[Stored data entries]
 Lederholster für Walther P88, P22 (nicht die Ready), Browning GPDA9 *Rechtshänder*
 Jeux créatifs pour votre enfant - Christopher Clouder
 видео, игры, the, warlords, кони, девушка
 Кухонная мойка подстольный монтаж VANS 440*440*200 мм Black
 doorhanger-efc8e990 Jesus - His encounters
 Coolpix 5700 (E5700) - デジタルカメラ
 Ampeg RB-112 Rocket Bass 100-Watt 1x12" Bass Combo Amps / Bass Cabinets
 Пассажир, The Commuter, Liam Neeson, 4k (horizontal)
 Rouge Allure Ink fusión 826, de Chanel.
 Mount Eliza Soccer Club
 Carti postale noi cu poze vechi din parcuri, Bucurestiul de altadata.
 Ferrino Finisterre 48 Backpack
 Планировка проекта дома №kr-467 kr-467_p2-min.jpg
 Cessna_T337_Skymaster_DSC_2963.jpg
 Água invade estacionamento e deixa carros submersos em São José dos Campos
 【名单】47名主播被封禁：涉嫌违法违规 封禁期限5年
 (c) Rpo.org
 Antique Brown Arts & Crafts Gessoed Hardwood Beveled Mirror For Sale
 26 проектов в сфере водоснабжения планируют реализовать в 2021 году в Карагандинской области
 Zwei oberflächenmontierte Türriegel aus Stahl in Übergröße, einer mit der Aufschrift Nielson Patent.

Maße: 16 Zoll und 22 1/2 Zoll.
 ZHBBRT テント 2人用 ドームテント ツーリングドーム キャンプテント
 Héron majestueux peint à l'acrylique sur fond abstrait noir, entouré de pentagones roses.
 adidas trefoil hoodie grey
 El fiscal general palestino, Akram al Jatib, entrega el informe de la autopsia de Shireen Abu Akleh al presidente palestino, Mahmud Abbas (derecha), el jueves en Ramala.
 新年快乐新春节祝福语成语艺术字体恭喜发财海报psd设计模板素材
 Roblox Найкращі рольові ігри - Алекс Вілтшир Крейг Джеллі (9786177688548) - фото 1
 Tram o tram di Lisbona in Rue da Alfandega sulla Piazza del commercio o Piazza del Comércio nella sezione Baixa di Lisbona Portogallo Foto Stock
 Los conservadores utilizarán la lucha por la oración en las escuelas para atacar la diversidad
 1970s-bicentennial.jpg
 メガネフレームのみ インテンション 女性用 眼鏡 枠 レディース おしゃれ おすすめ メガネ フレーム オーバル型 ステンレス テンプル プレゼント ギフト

The task: An exact copy of every record is needed.

Finished exercise:
 Lederholster für Walther P88, P22 (nicht die Ready), Browning GPDA9 *Rechtshänder*
 Jeux créatifs pour votre enfant - Christopher Clouder
 видео, игры, the, warlords, кони, девушка
 Кухонная мойка подстольный монтаж VANS 440*440*200 мм Black
 doorhanger-efc8e990 Jesus - His encounters
 Coolpix 5700 (E5700) - デジタルカメラ
 Ampeg RB-112 Rocket Bass 100-Watt 1x12" Bass Combo Amps / Bass Cabinets
 Пассажир, The Commuter, Liam Neeson, 4k (horizontal)
 Rouge Allure Ink fusión 826, de Chanel.
 Mount Eliza Soccer Club
 Carti postale noi cu poze vechi din parcuri, Bucurestiul de altadata.
 Ferrino Finisterre 48 Backpack
 Планировка проекта дома №kr-467 kr-467_p2-min.jpg
 Cessna_T337_Skymaster_DSC_2963.jpg
 Água invade estacionamento e deixa carros submersos em São José dos Campos
 【名单】47名主播被封禁：涉嫌违法违规 封禁期限5年
 (c) Rpo.org
 Antique Brown Arts & Crafts Gessoed Hardwood Beveled Mirror For Sale
 26 проектов в сфере водоснабжения планируют реализовать в 2021 году в Карагандинской области
 Zwei oberflächenmontierte Türriegel aus Stahl in Übergröße, einer mit der Aufschrift Nielson Patent.

Maße: 16 Zoll und 22 1/2 Zoll.
 ZHBBRT テント 2人用 ドームテント ツーリングドーム キャンプテント
 Héron majestueux peint à l'acrylique sur fond abstrait noir, entouré de pentagones roses.
 adidas trefoil hoodie grey
 El fiscal general palestino, Akram al Jatib, entrega el informe de la autopsia de Shireen Abu Akleh al presidente palestino, Mahmud Abbas (derecha), el jueves en Ramala.
 新年快乐新春节祝福语成语艺术字体恭喜发财海报psd设计模板素材
 Roblox Найкращі рольові ігри - Алекс Вілтшир Крейг Джеллі (9786177688548) - фото 1
 Tram o tram di Lisbona in Rue da Alfandega sulla Piazza del commercio o Piazza del Comércio nella sezione Baixa di Lisbona Portogallo Foto Stock
 Los conservadores utilizarán la lucha por la oración en las escuelas para atacar la diversidad
 1970s-bicentennial.jpg
 メガネフレームのみ インテンション 女性用 眼鏡 枠 レディース おしゃれ おすすめ メガネ フレーム オーバル型 ステンレス テンプル プレゼント ギフト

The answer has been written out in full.